Cohoes Bancorp faces an uncertain future in the wake of its collapsed merger agreement with another upstate New York thrift.
With two higher but unsolicited offers on the table, shareholders at $727 million-asset Cohoes last week narrowly rejected a deal to merge with Hudson River Bancorp, of Hudson. Now Cohoes' board must decide whether to consider the unsolicited bids, seek other merger partners, or remain independent.
"The board will meet soon to determine what is best for our shareholders," said Cohoes president Harry L. Robinson. "Anything is possible."
In the meantime, Cohoes has announced that it would repurchase 10% of its outstanding shares in order to "keep all of our options open," Mr. Robinson said.
A battle for Cohoes began shortly after it announced its merger-of-equals deal with $1.1 billion-asset Hudson River in April.
The combination would have produced a $1.8 billion-asset company in the state capital region. But shortly after the deal was announced, Trustco Bank Corp. of Schenectady, N.Y., offered $16 a share in stock for Cohoes - $5 more than Hudson River's offer - while Ambanc Holding Co. of Amsterdam, N.Y., offered $16.50 a share in cash.
Trustco also made a bid to buy Hudson River, but Cohoes and Hudson River dismissed the offers and forged ahead with their own merger plans.
With the deal apparently terminated, analysts said Cohoes is free to seek another partner.
"I would imagine they would seek another partner on their own terms as opposed to being pursued by someone," said Scott Valentin, an analyst at Friedman, Billings, Ramsey & Co. in Arlington, Va.
Trustco, with $2.3 billion of assets, and $740 million-asset Ambanc are also expected step up their pursuits of the thrift. Ambanc recently announced it would nominate at least two, and as many as four, members to Cohoes' board at its annual meeting, which is scheduled for October.
Trustco, meanwhile, said it also plans to continue its pursuit of both Hudson River and Cohoes, but unlike Ambanc, has yet to launch a tender offer.
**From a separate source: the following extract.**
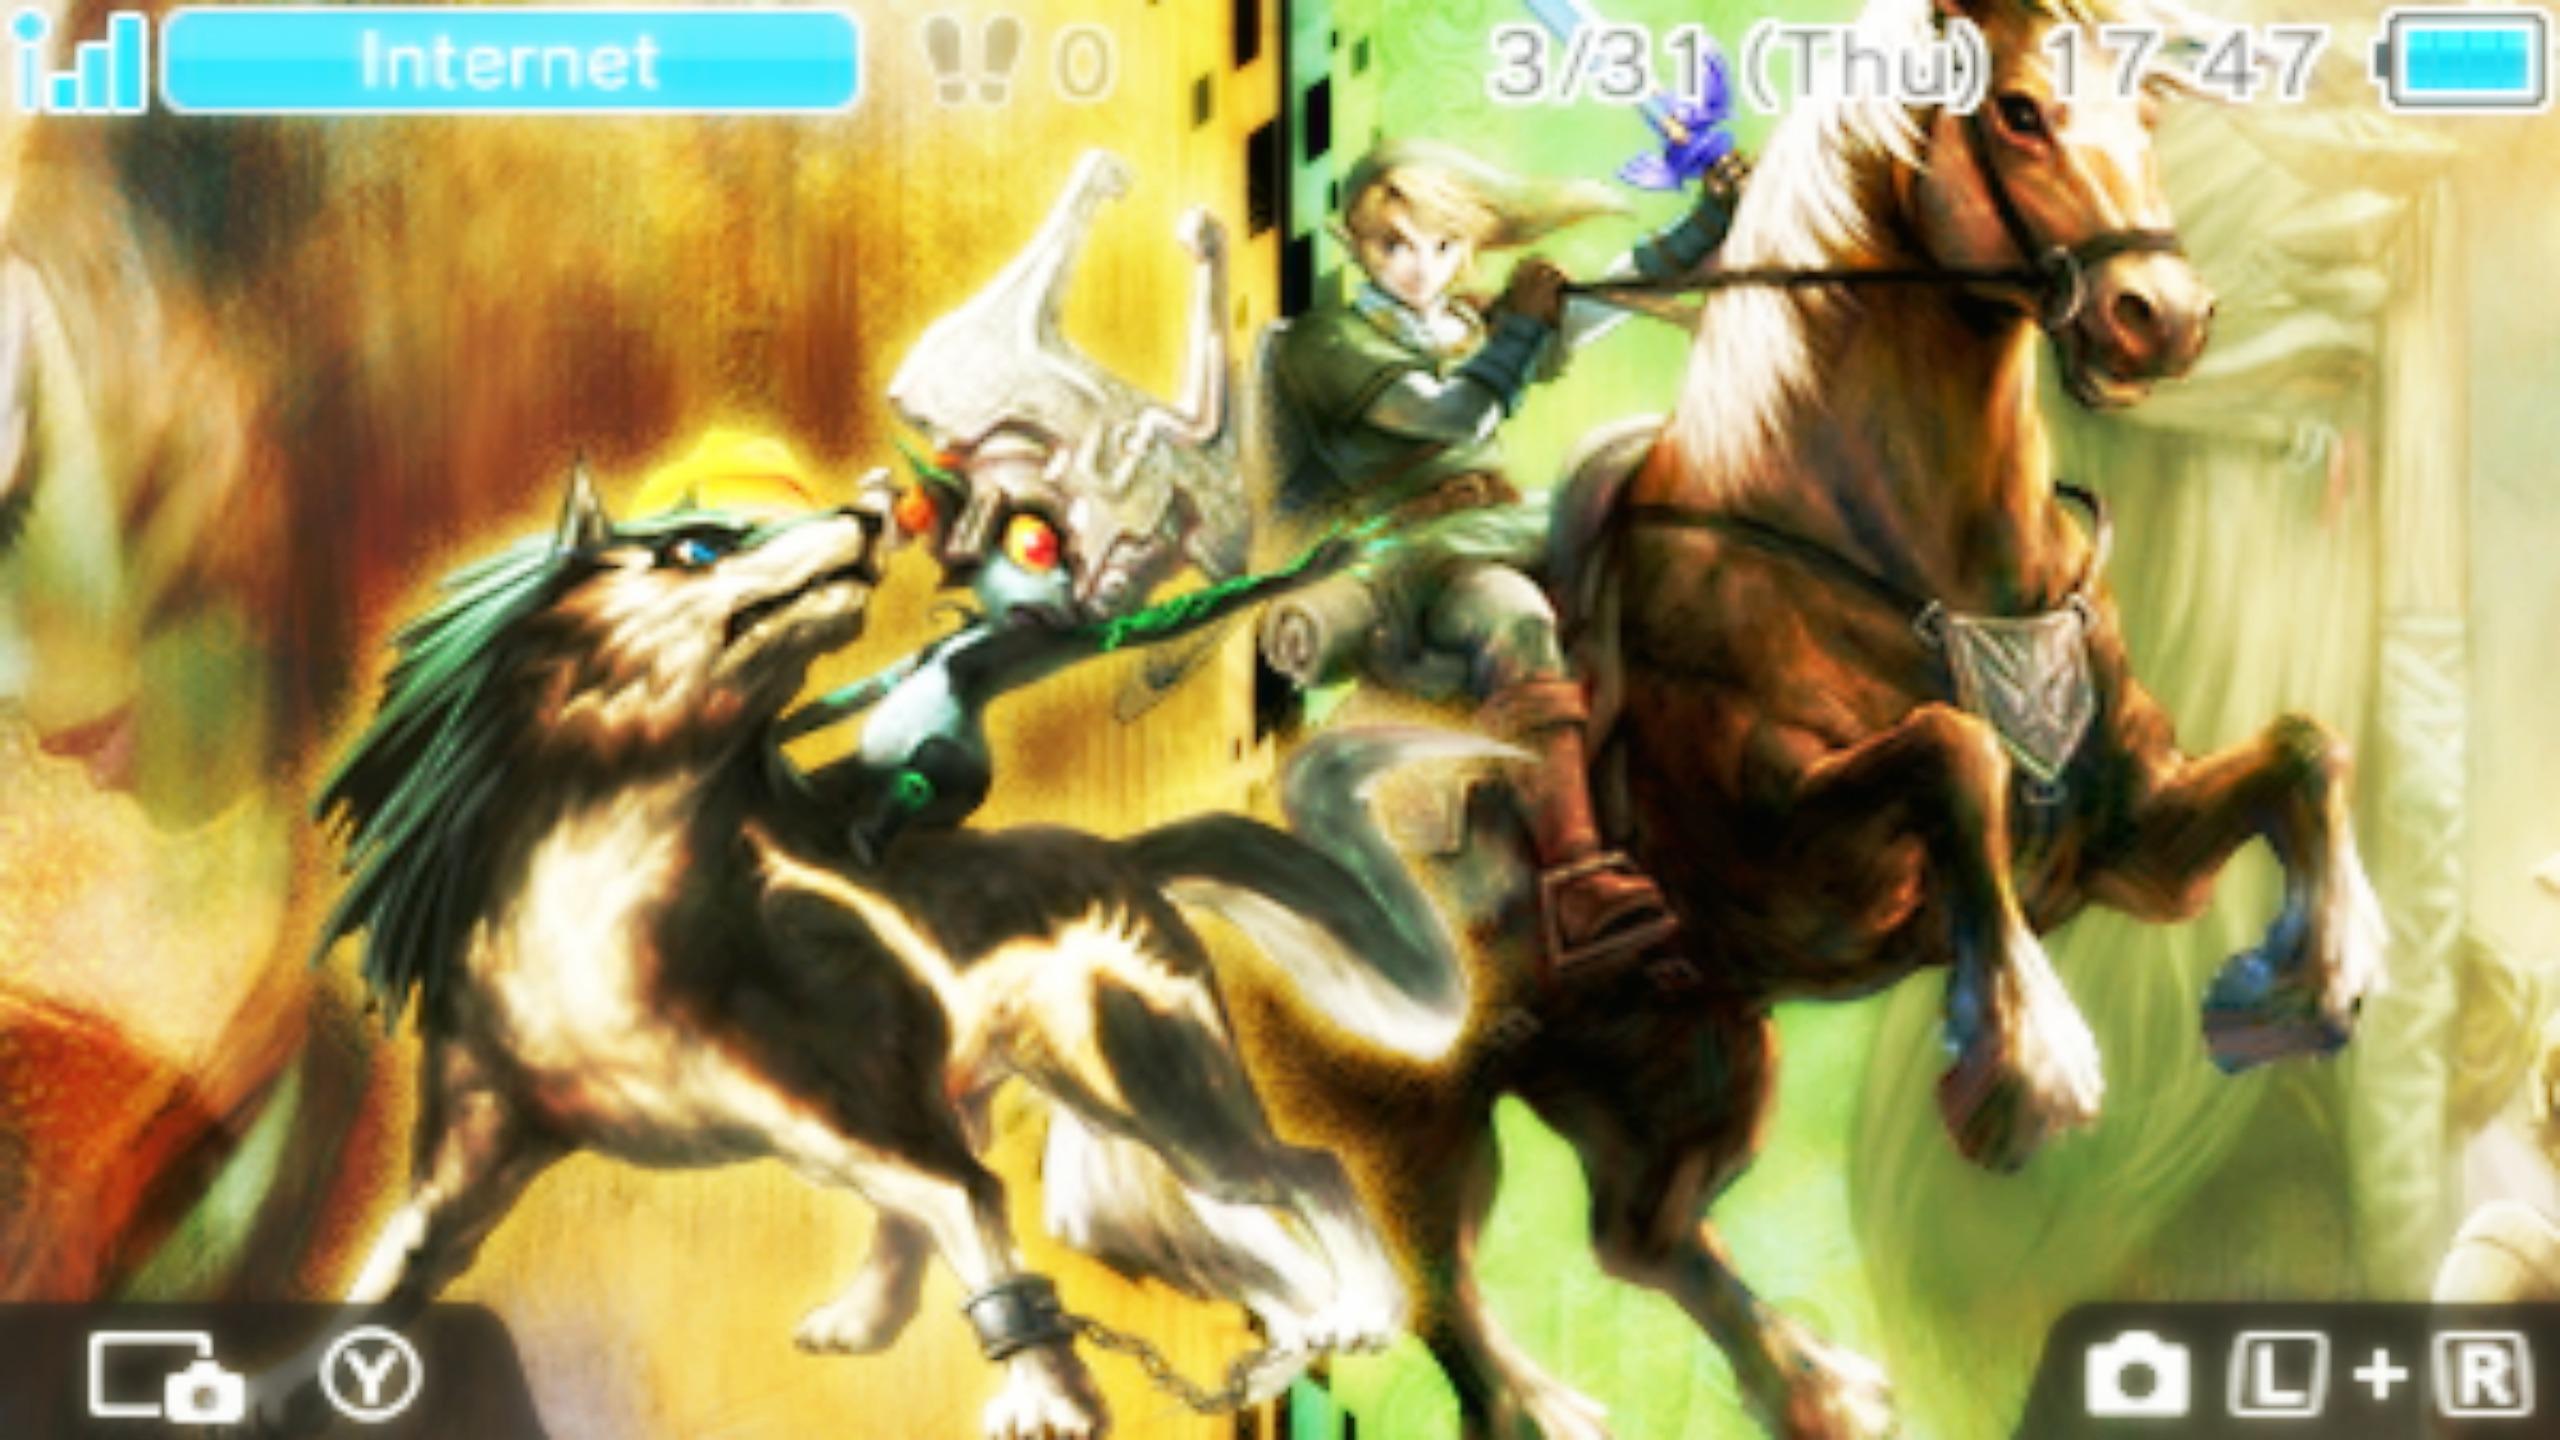 Twilight Princess Hd 3ds Wallpaper 1 By Obsessedgamergal86

The company said that a tender offer is imminent, but secretary William F. Terry said it would "rather do a friendly deal with (Cohoes') management."
Mr. Robinson said Cohoes' board would not rule out discussions with either Trustco or Ambanc. But he maintains that the offers were merely ploys to scuttle the merger with Hudson River, which would have created a much more formidable competitor.
"We seriously question their intent to make a reasonable offer," he said.
Richard D. Weiss, an analyst at Janney Montgomery Scott in Philadelphia, said Cohoes "can go back to being Cohoes," but it won't be easy. "There's going to be pressure. They can't adopt a bunker mentality," he said.
Before the deal with Hudson River was announced, Cohoes shares were trading around $9.75 a share.
In the days leading up to the shareholder vote, they went as high as $15.25. Mr. Weiss said that investors are keenly aware of the inflated price, which makes management's task that much more difficult.
"You can't let shares go to $11 when you have an offer of $16.50 out there," he said.